- **TASK DESCRIPTION**:
The entries below contain pictures. Write out only the lines from the line with "Kamchatka - crater" up to and including the line with "Pukas Surf Shop - Adrokultura Surfboards", exactly, without them.

- **EXTRACTED INFORMATION**:
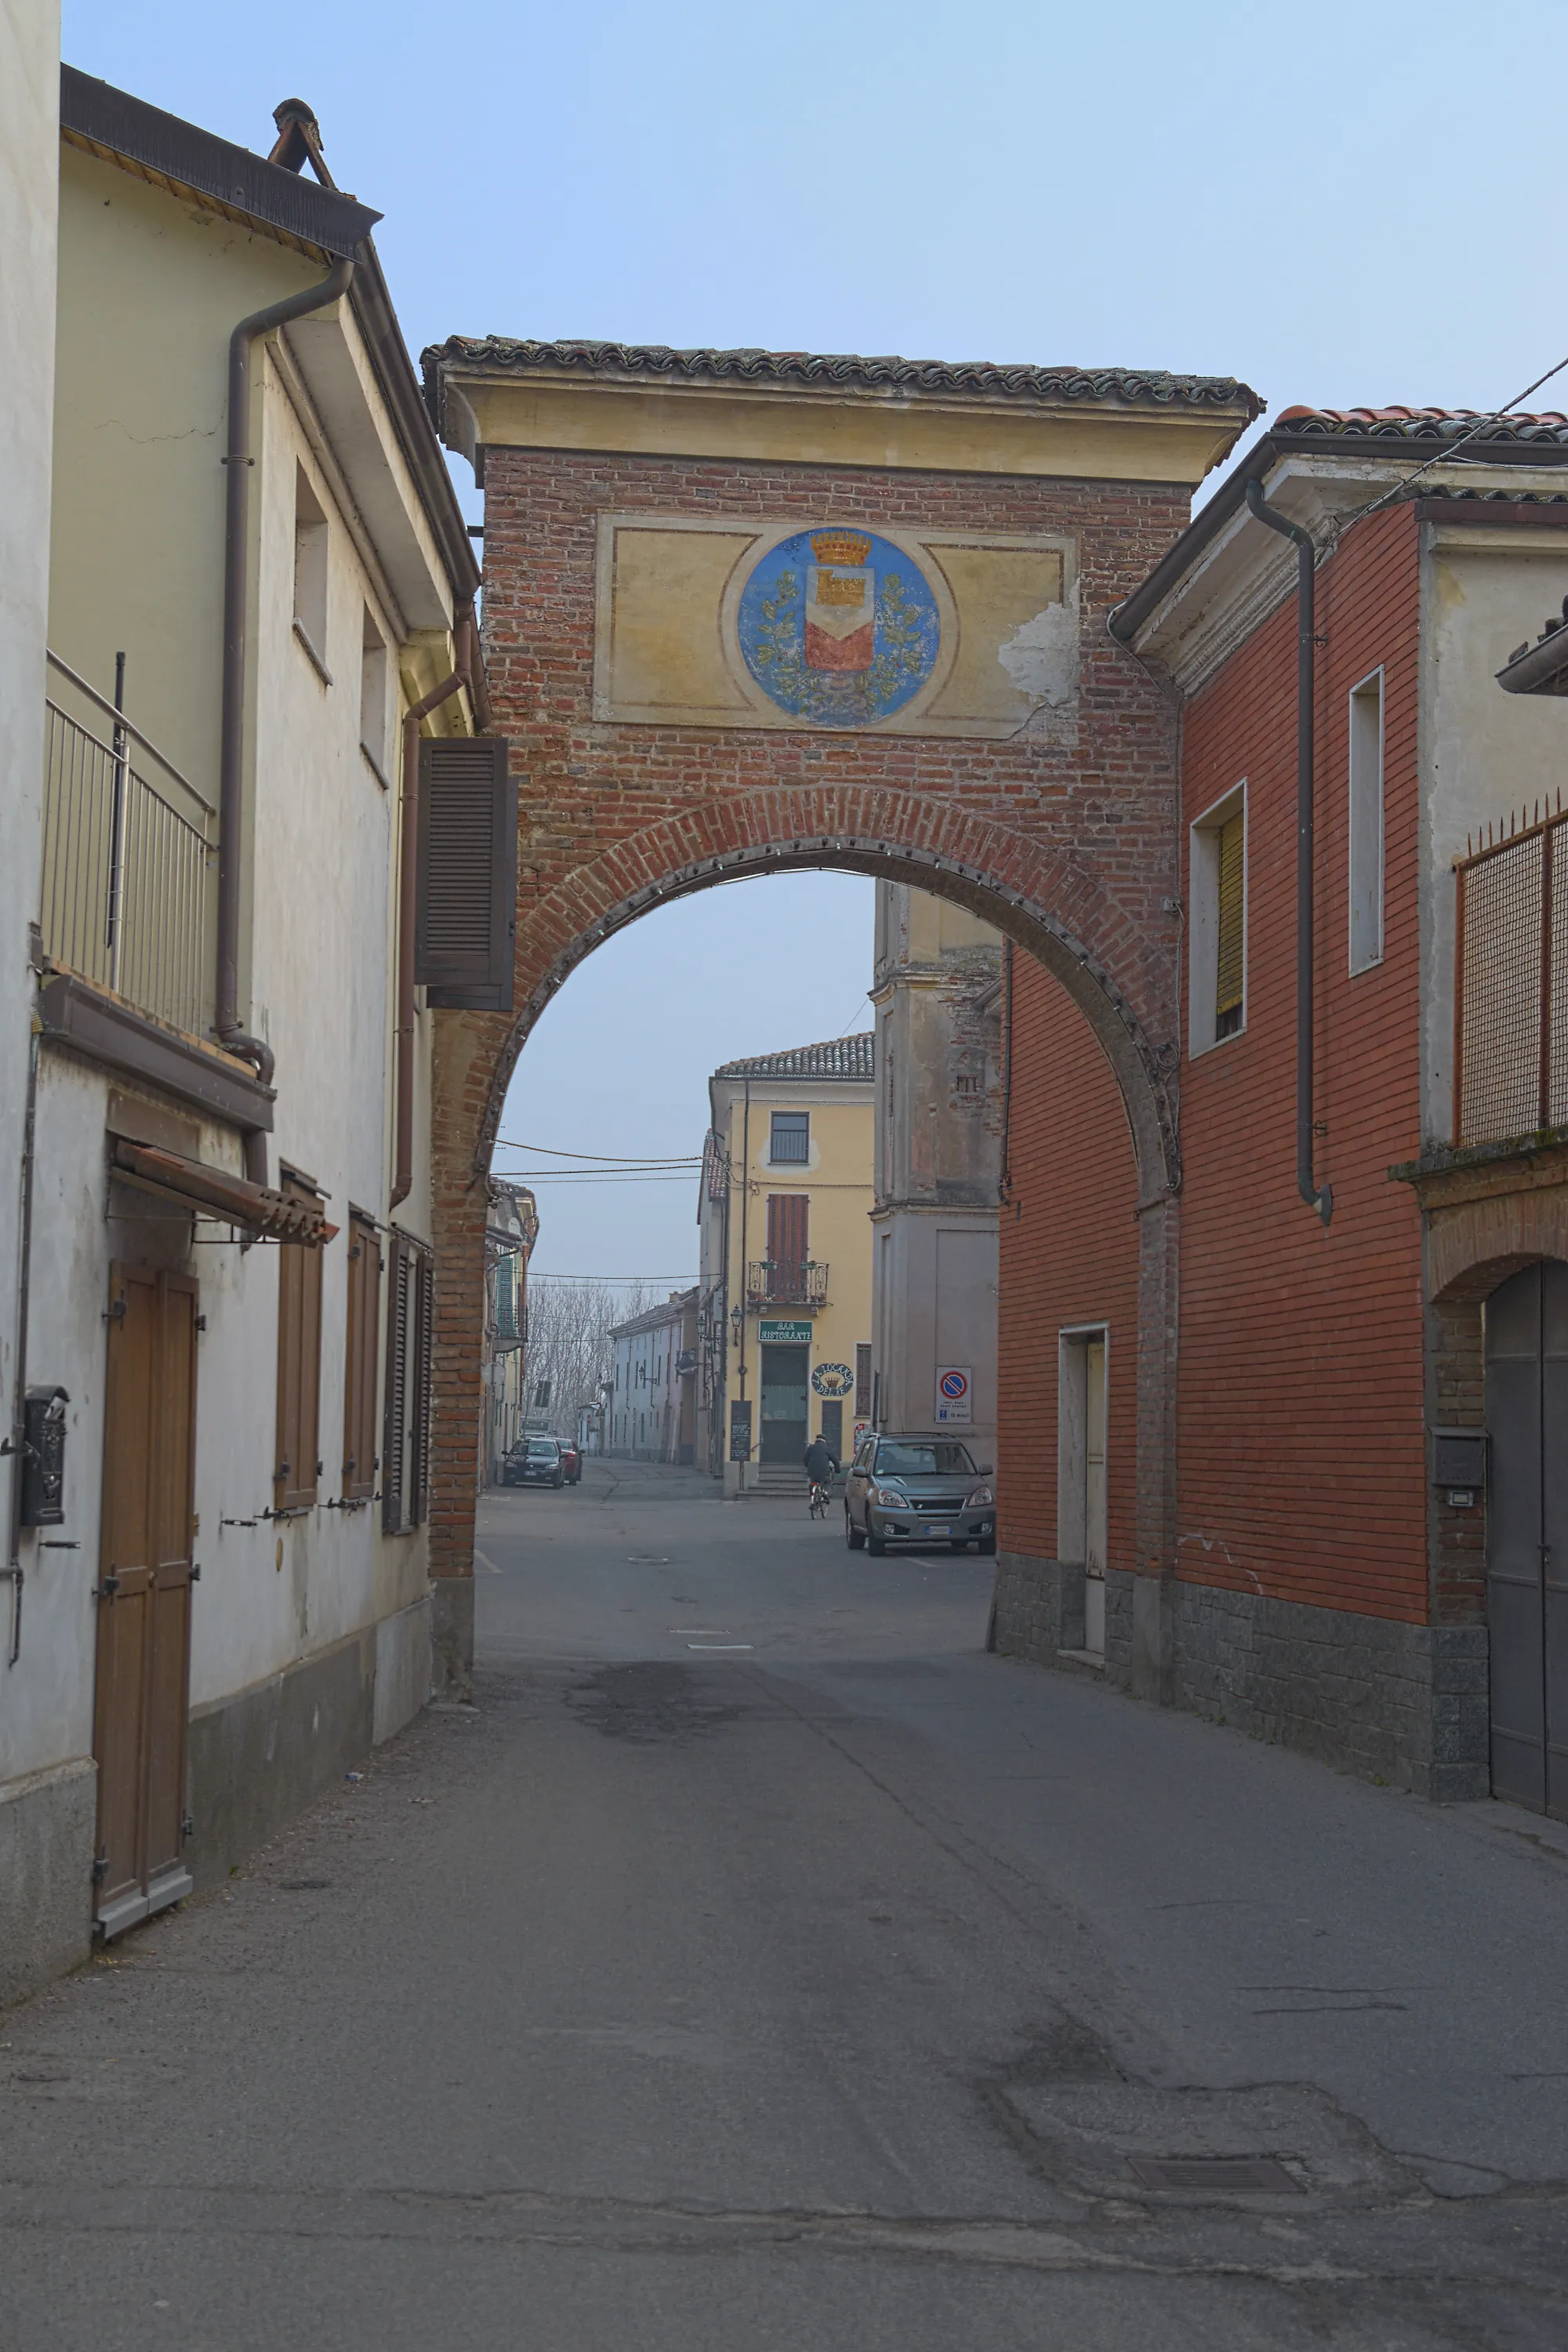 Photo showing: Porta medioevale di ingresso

---

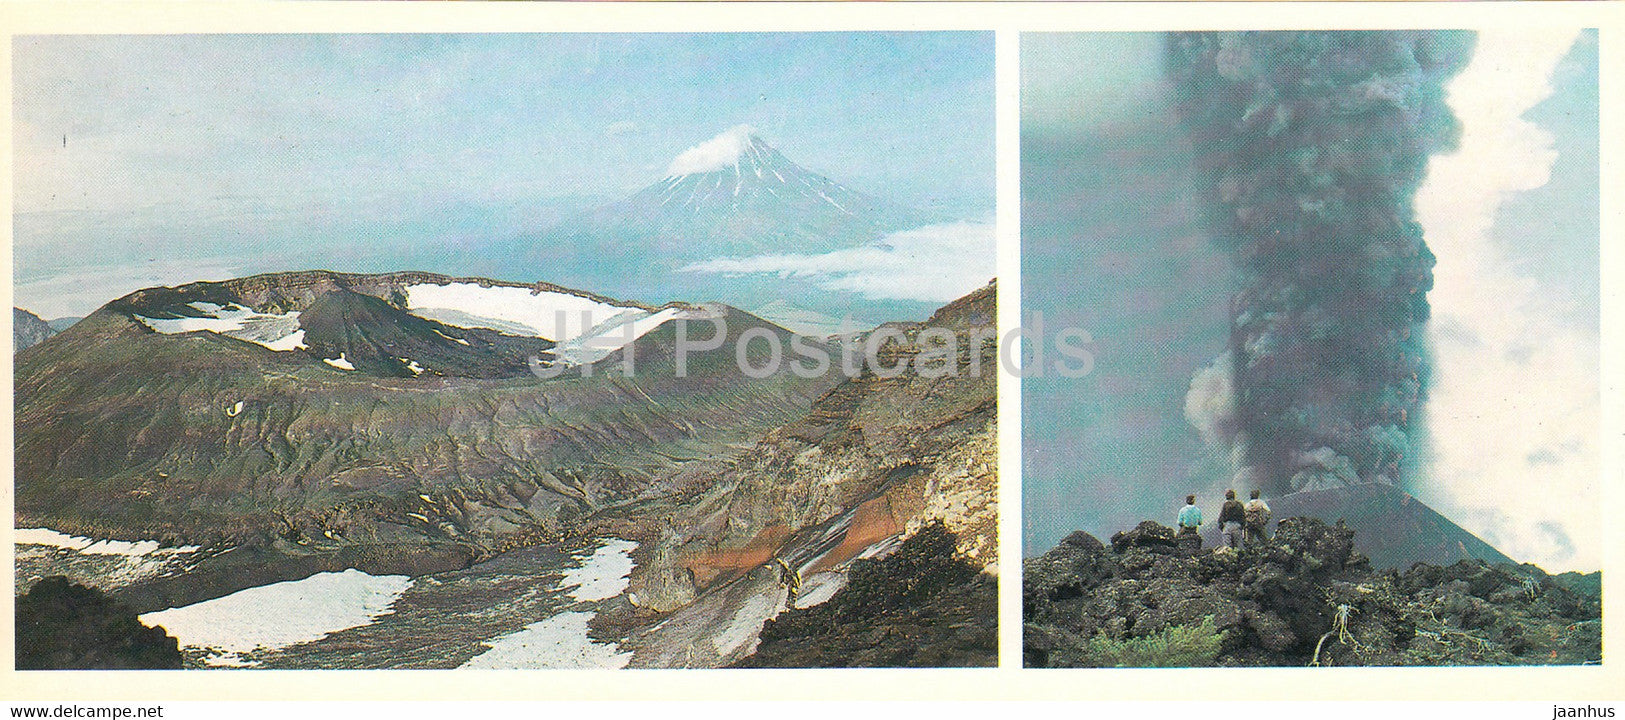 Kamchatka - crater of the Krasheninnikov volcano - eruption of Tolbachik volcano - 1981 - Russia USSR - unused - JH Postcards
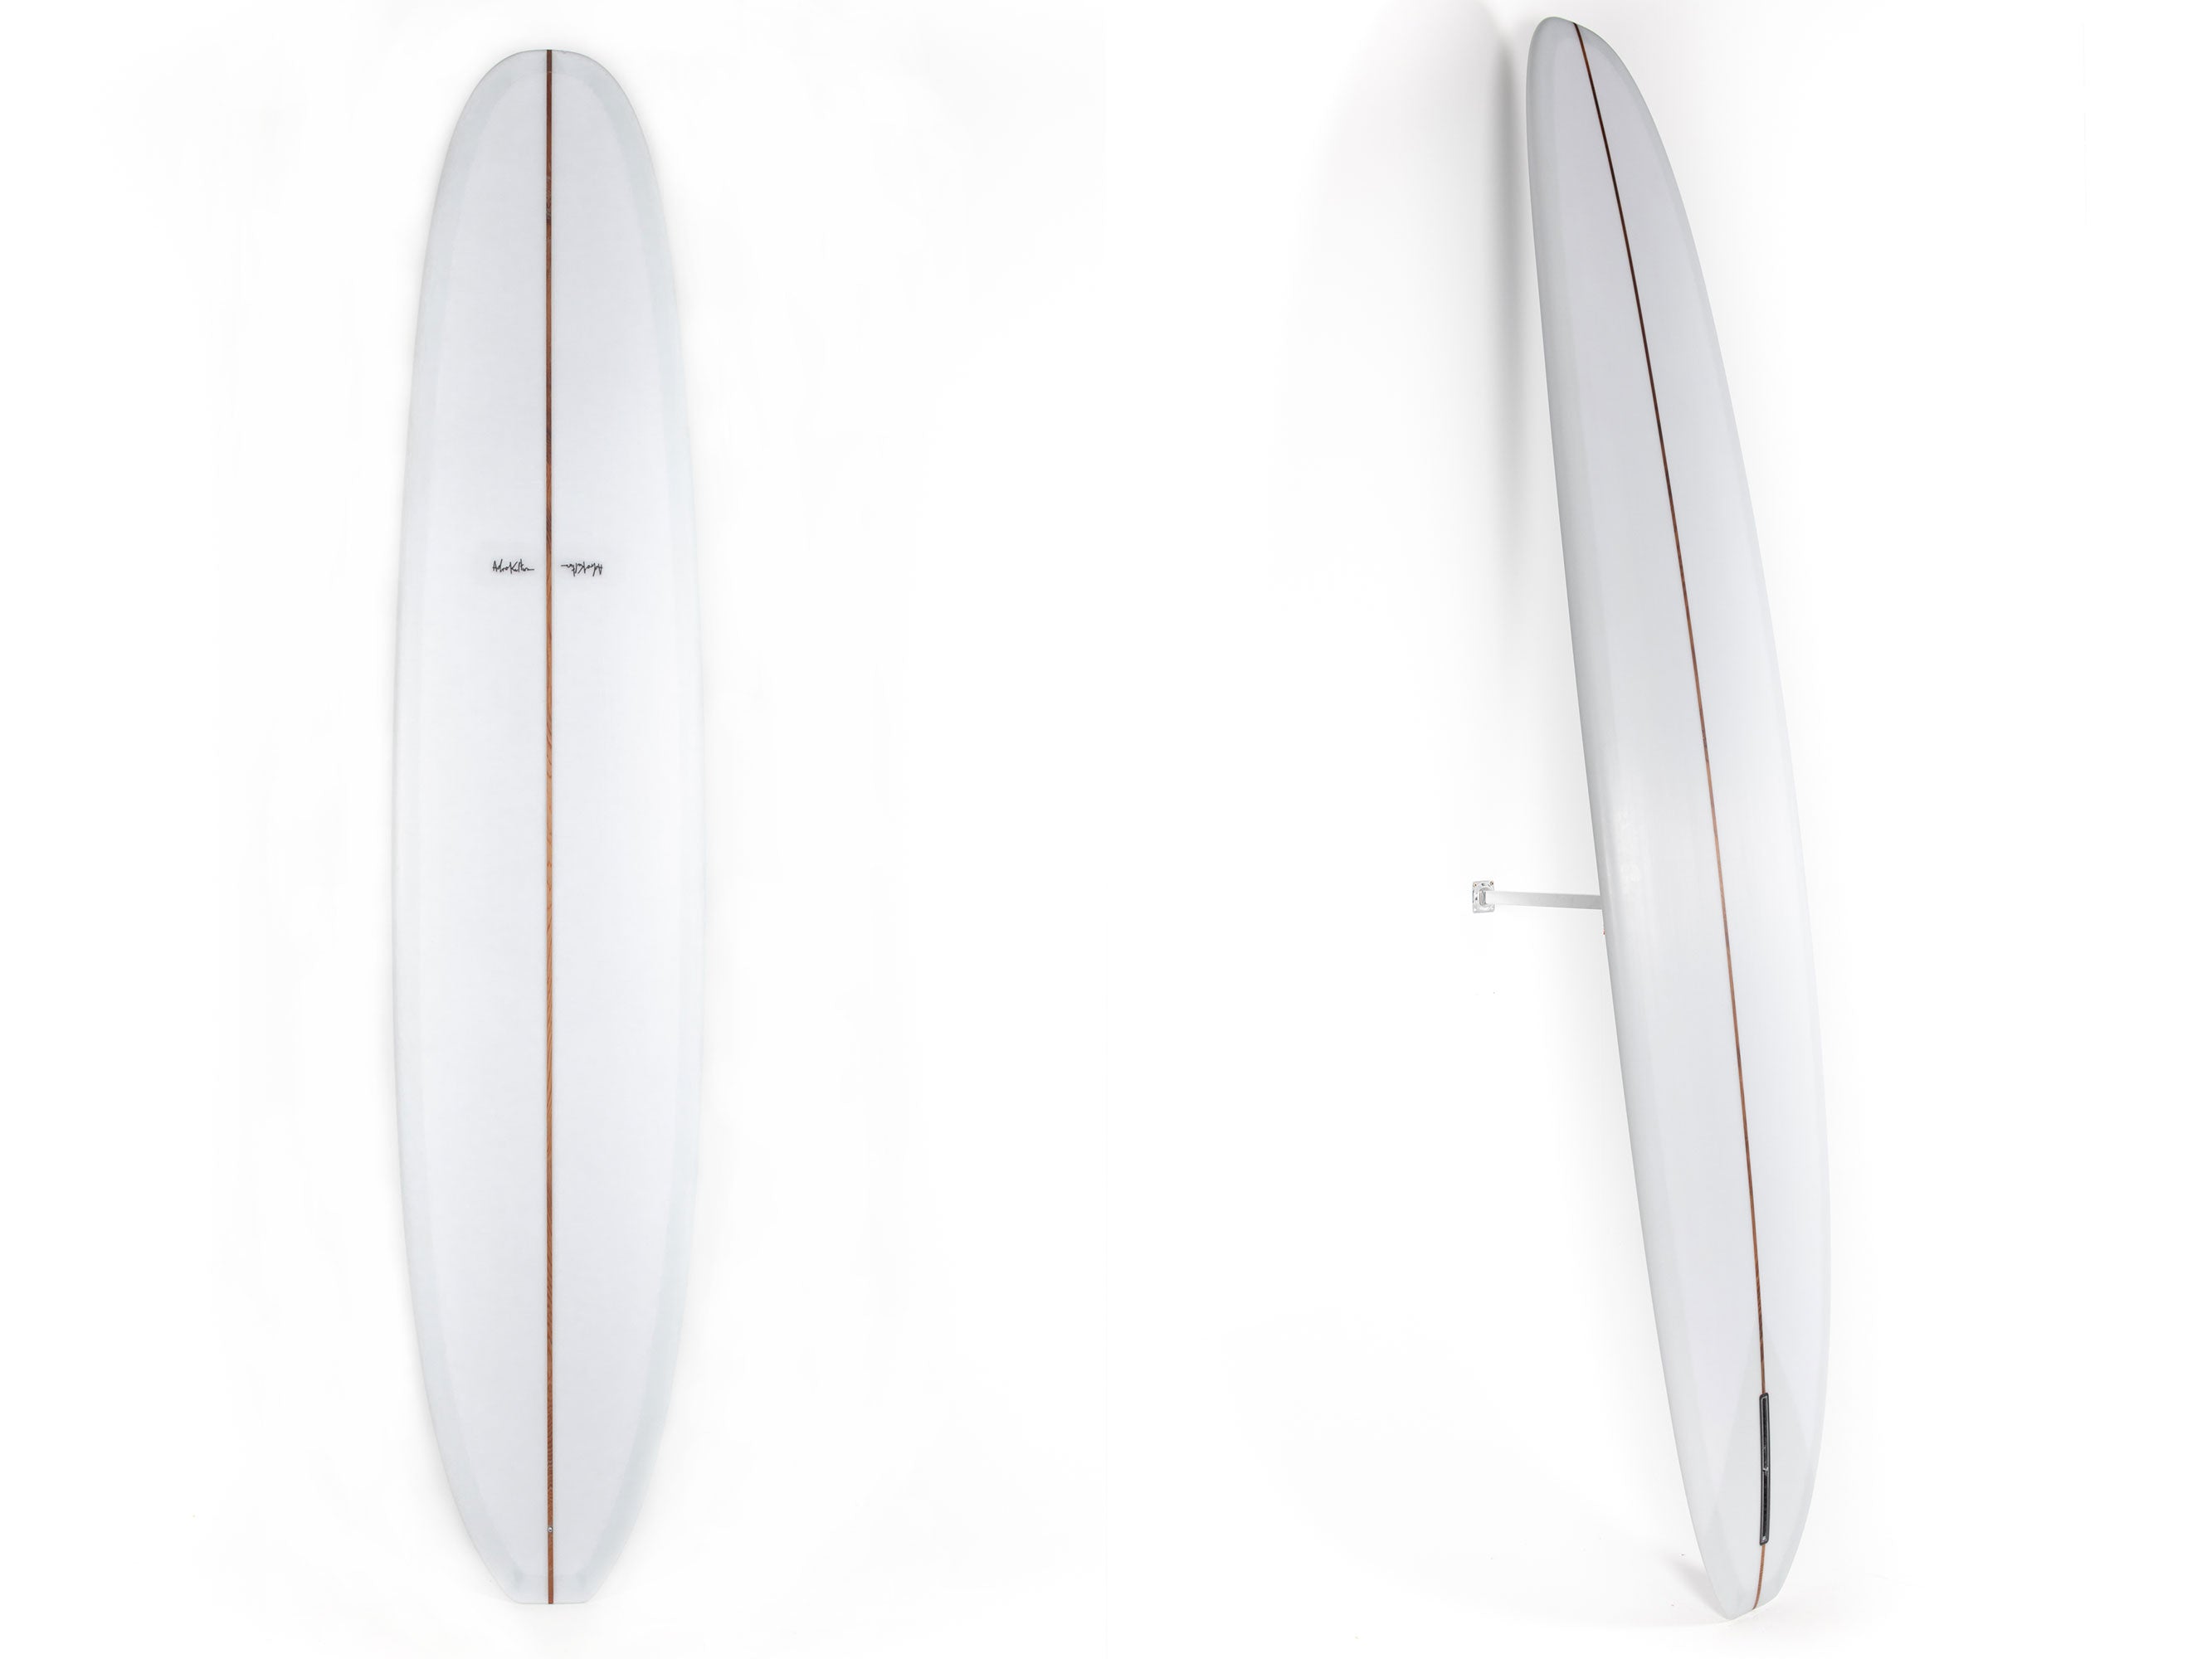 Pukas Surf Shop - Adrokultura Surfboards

- **EXPECTED ANSWER**:
 Kamchatka - crater of the Krasheninnikov volcano - eruption of Tolbachik volcano - 1981 - Russia USSR - unused - JH Postcards
 Pukas Surf Shop - Adrokultura Surfboards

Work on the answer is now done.